To do: The lines to copy run from the one containing "3-3 -3 Figura" to the last line of the entries; output those lines exactly and only them, without pictures.

Data for processing:
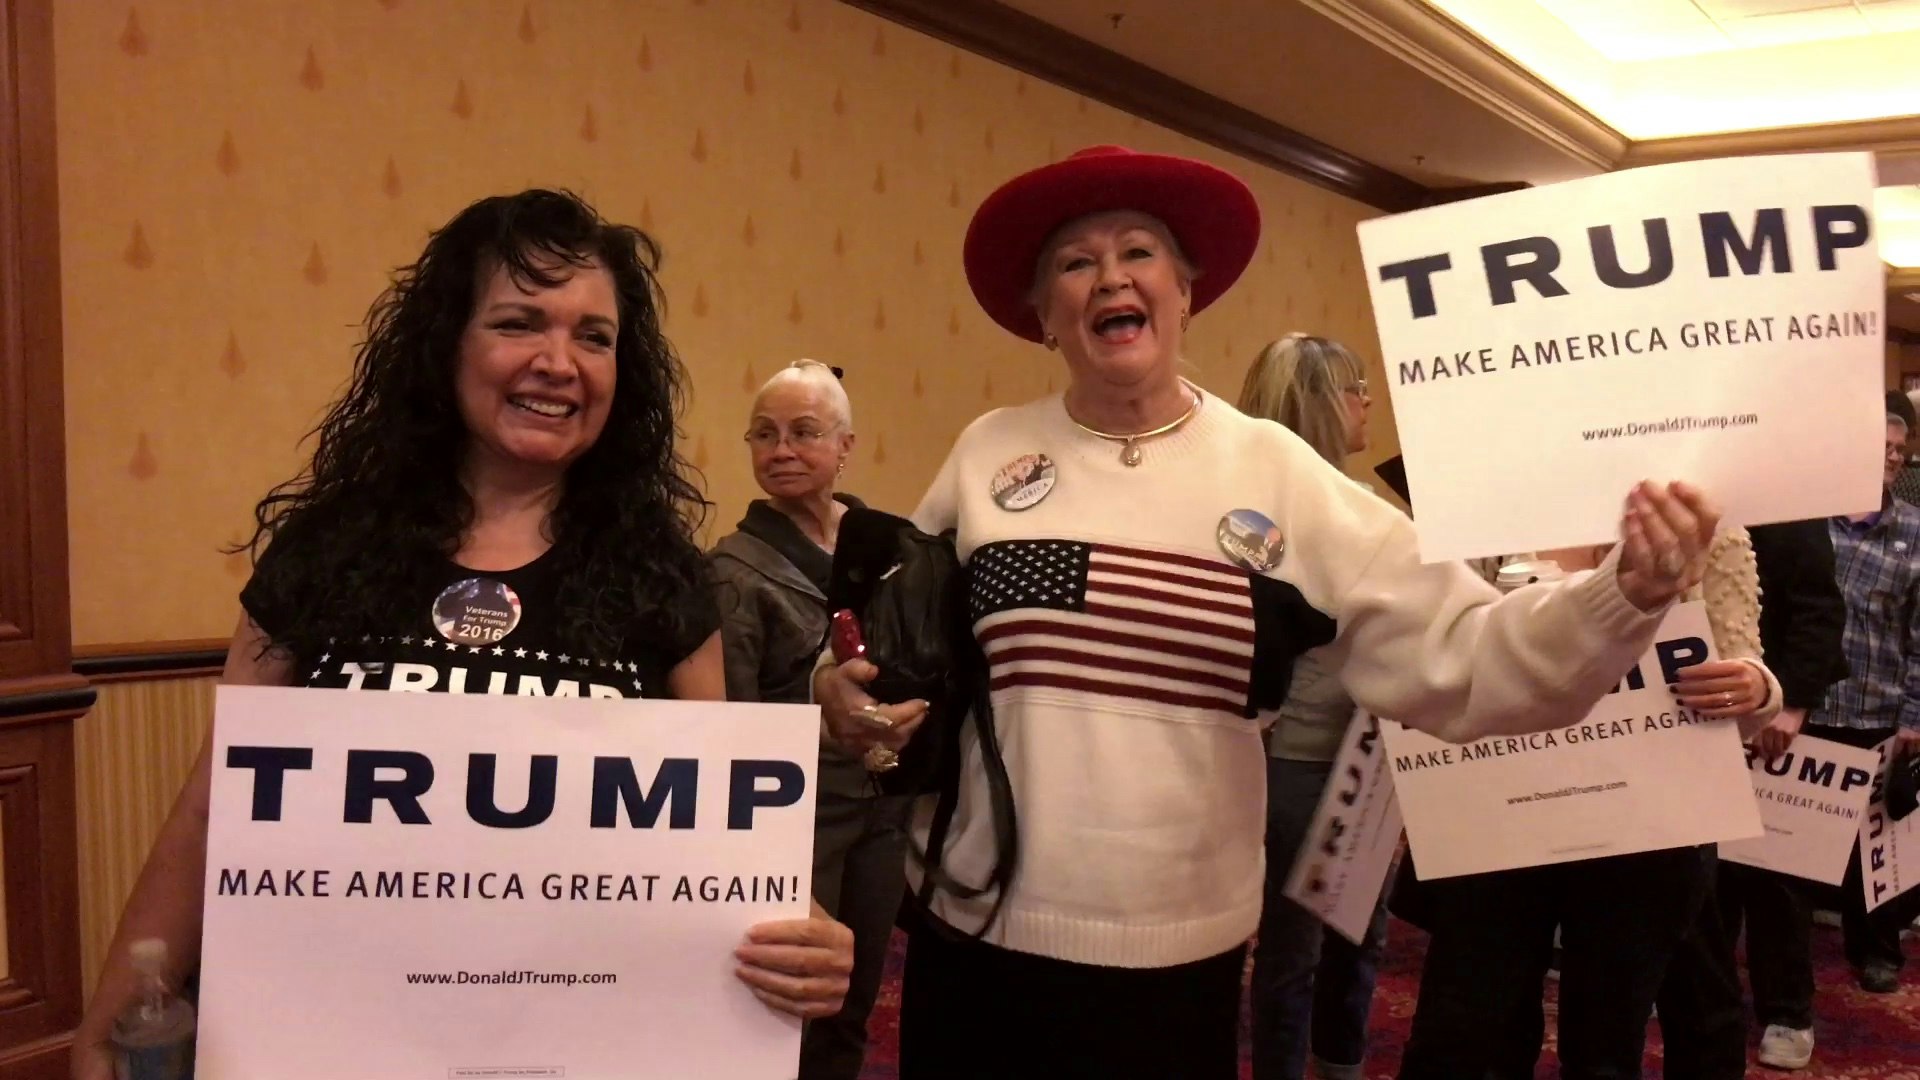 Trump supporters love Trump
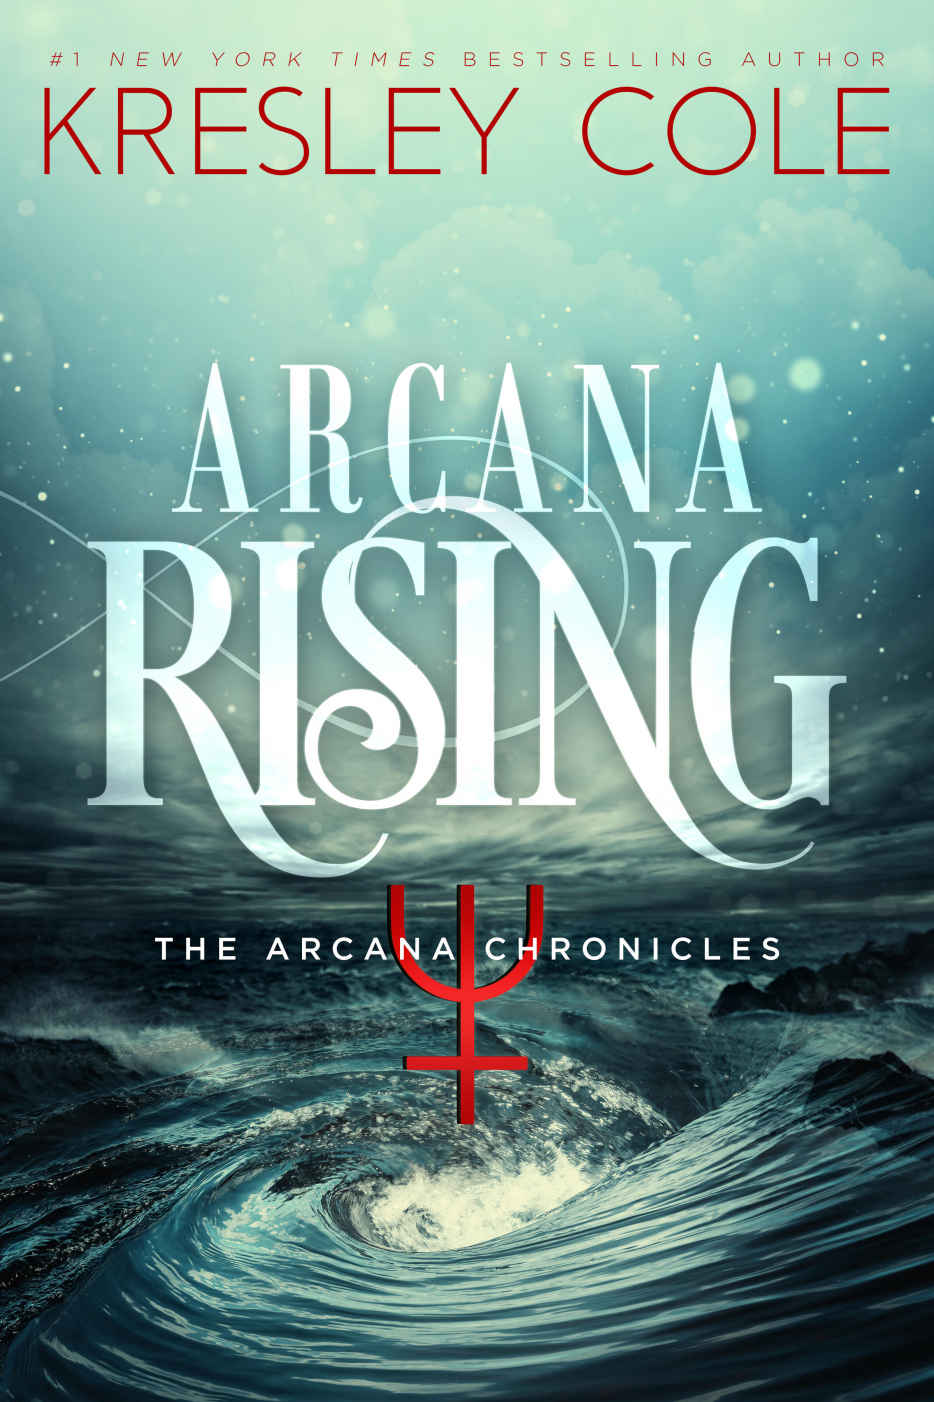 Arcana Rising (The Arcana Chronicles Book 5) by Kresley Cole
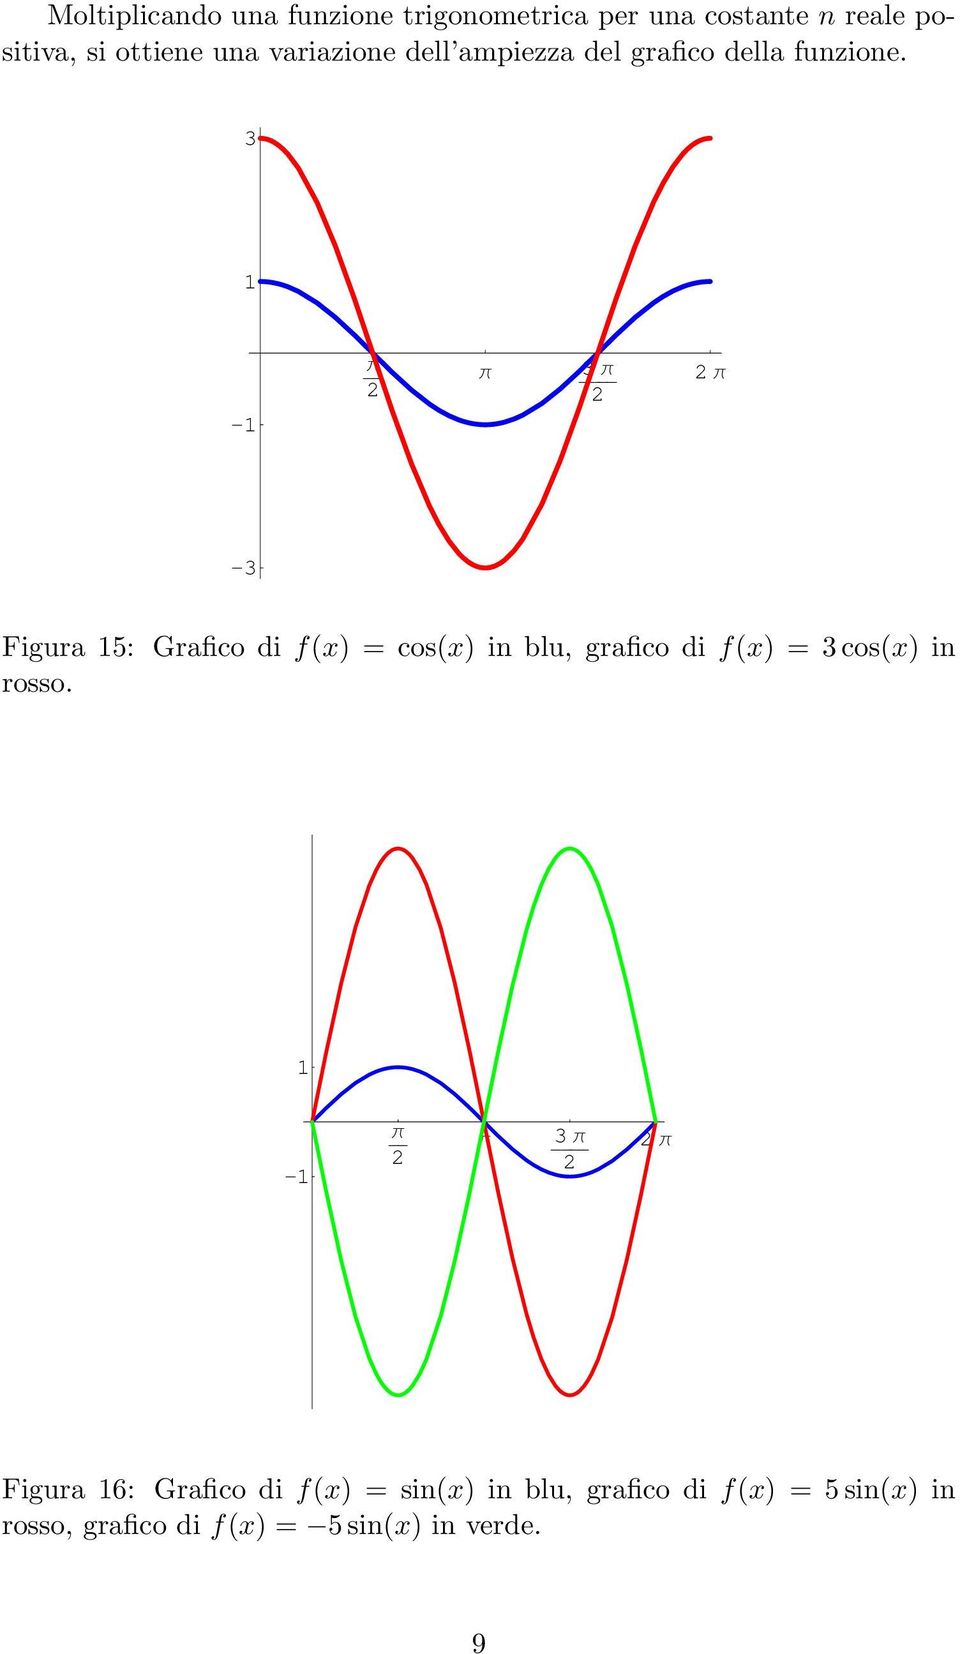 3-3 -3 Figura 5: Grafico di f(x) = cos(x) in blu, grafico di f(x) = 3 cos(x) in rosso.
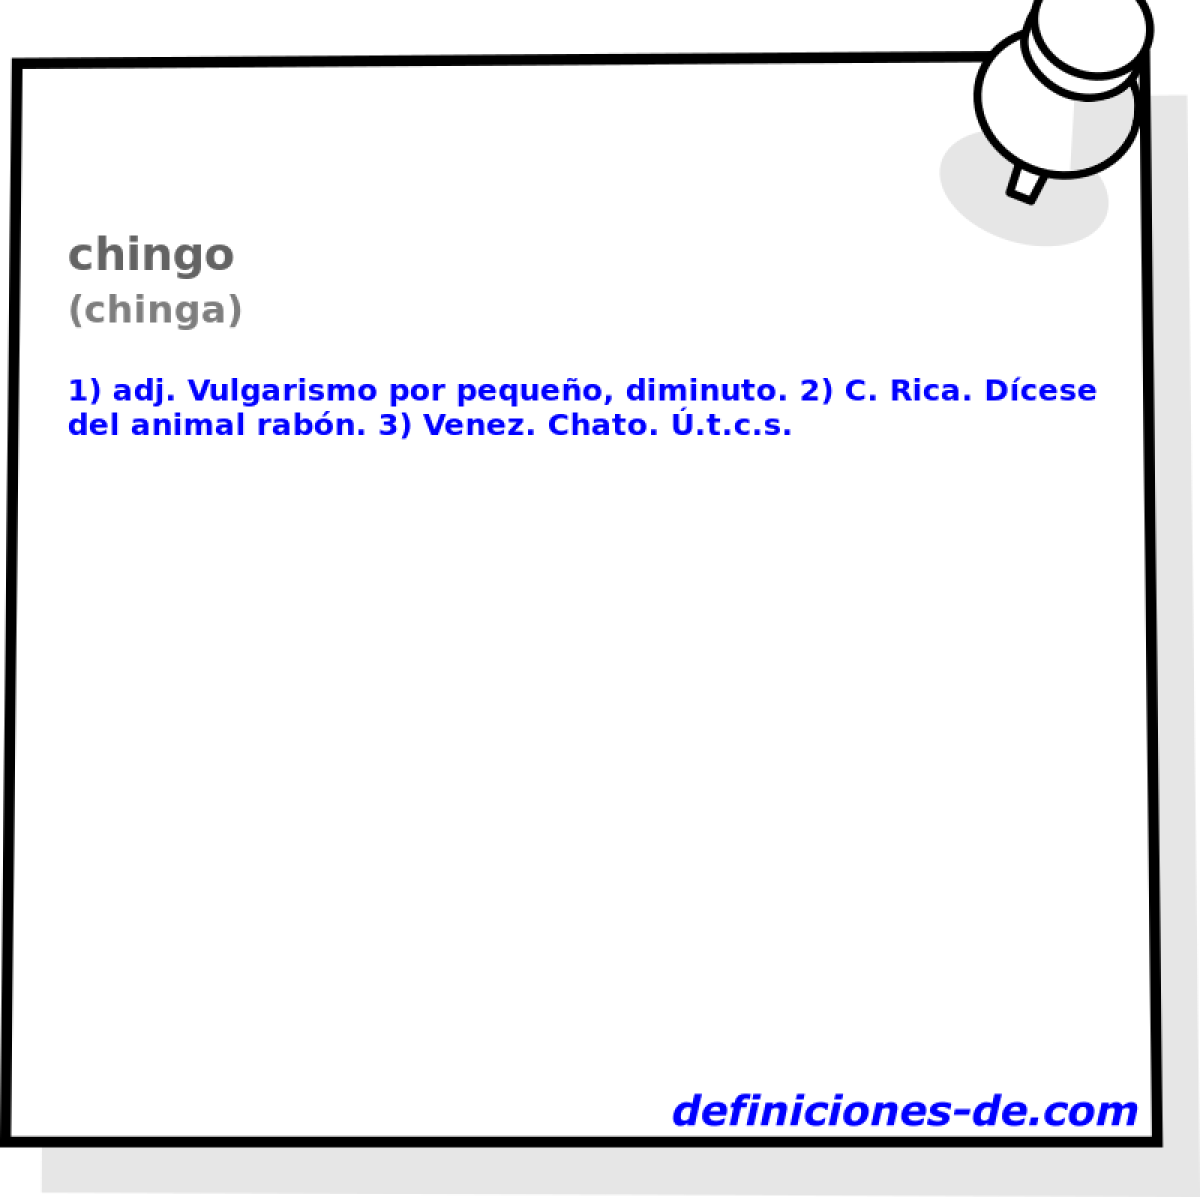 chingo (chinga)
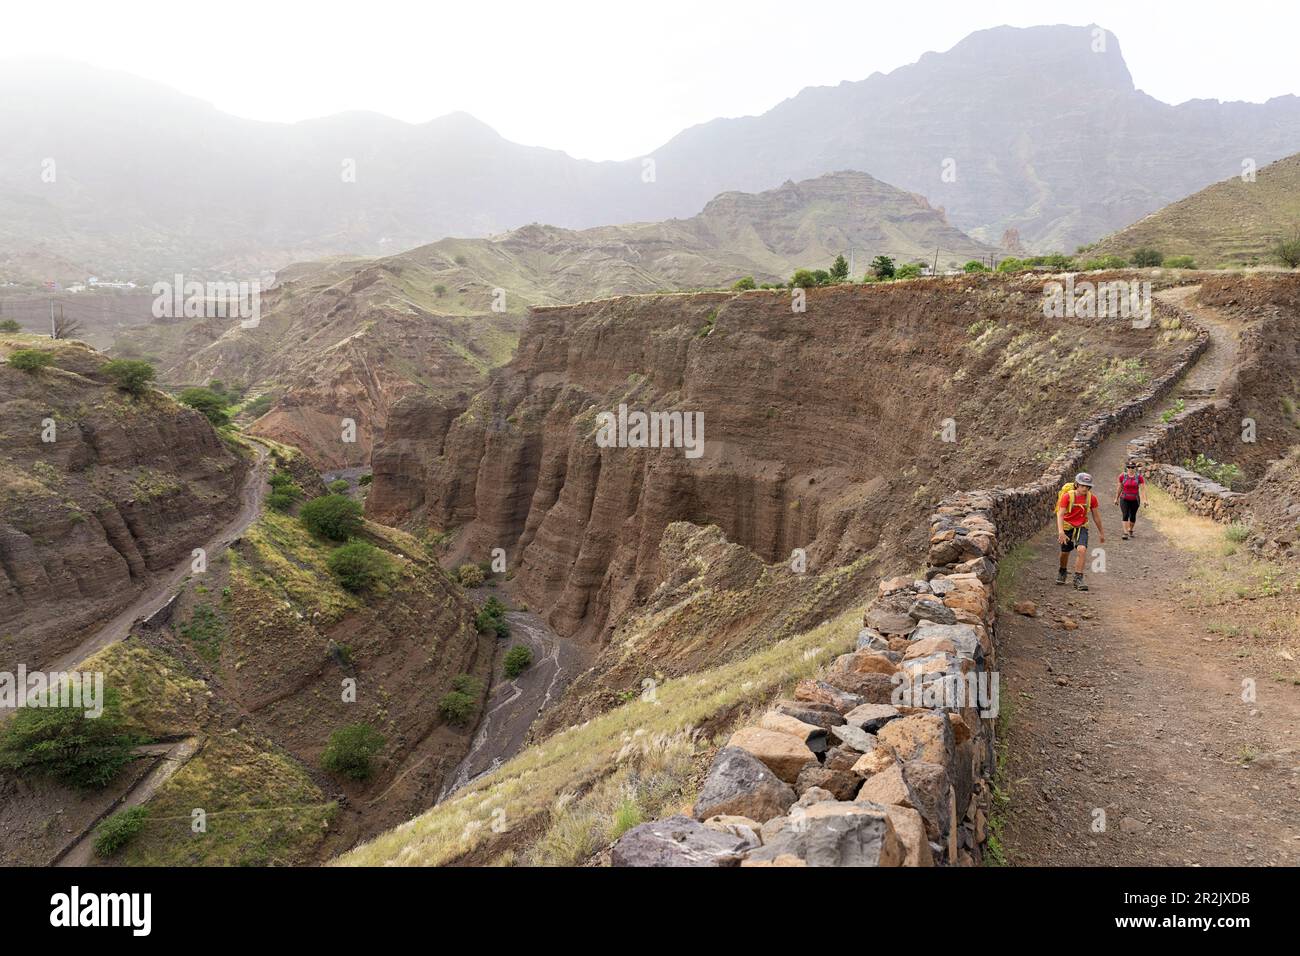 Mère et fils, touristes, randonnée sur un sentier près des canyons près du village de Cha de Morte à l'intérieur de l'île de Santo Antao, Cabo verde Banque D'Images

Answer space:
 3-3 -3 Figura 5: Grafico di f(x) = cos(x) in blu, grafico di f(x) = 3 cos(x) in rosso.
 chingo (chinga)
 Mère et fils, touristes, randonnée sur un sentier près des canyons près du village de Cha de Morte à l'intérieur de l'île de Santo Antao, Cabo verde Banque D'Images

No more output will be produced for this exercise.